Hi guys I was wondering if I could have the benefit of your wisdom for a second. Im a 39 year old guy thats been doing drugs recreation ally for 20 odd years now. Nothing too profound ecstacy and coke mainly. For the past few months Ive been doing coke once or twice a week (a gram every time) then doing ecstacy every couple of weeks. Oh and I smoke 15-20 ciggarettes a day. Anyway I was rolling one night and took a very strong pill that had me really down and not happy or jubilant no euphoric rush this pill seemed to last for hours, my friend suggested I take a Molly they were very good. I did and a while later I had the most horrible experience my left arm went numb, I started sweating and my heart felt as if it was gonna pop out of my chest. This lasted around 30 minutes. I went hope felt like crap took a xanex and luckily got to sleep.
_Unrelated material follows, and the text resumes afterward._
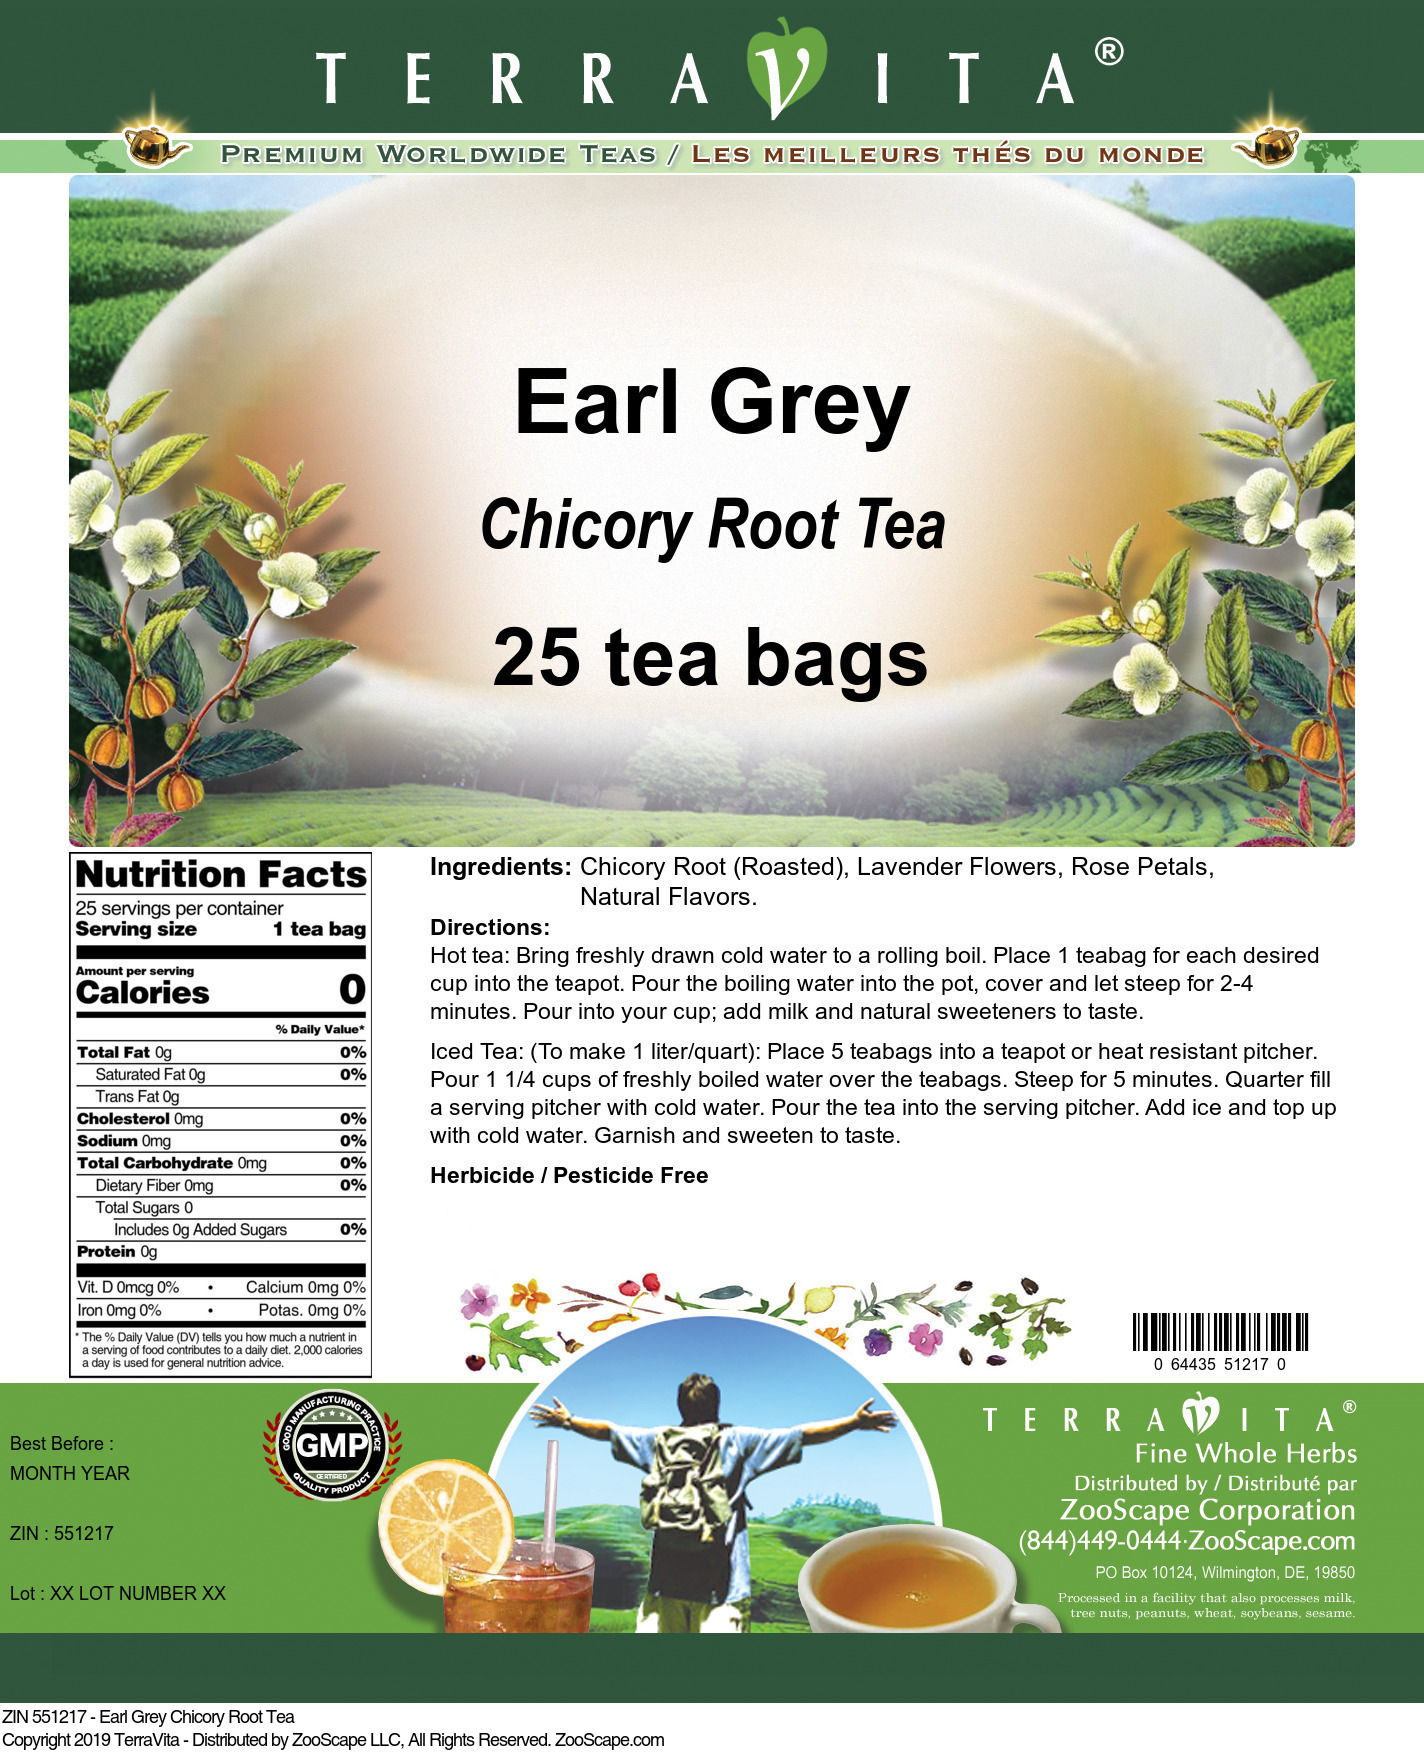 Earl Grey Chicory Root

Anyway a few days later I started getting chest pains and went to the hospital got all the tests done (eco, ekg, nuclear) and they said I was fine. Although I still had chest pains I decided to roll again a week or so later. After my roll I had water retention and couldnt pee so I went to the hospital and they did some bloods and said my troponin levels were high (I had snorted some Meth on the Friday then gone to the gym and rolled on Sunday evening when I had the same experience of sweating, heart racing but not as exagerated as the previous time) they did all the tests again , stress, eco, ekg, and said that my heart had microscopic trauma but no damage. I stopped rolling and havent for 3 weeks now. My question is I have been told by the doctors that my heart is not damaged but should I roll again like one pill a night or a couple of lines of coke here and there? I go to the gym everyday now and do lots of cardio? Has anybody had an experience like mine who can shed light on my situation? What im saying is can I build my heart up make it strong and do drugs again?I know I sound like an utter idiot but club land is my life and I really cant see myself not using drugs again but I dont want to die?
Please dont condemn me because I know how folish I sound but I hope theres some people out there who can show me some compassion and transparency?
Keep smiling
Hank
Please dont condemn me because I know how folish I sound but I hope theres some people out there who can show me some compassion and transparency?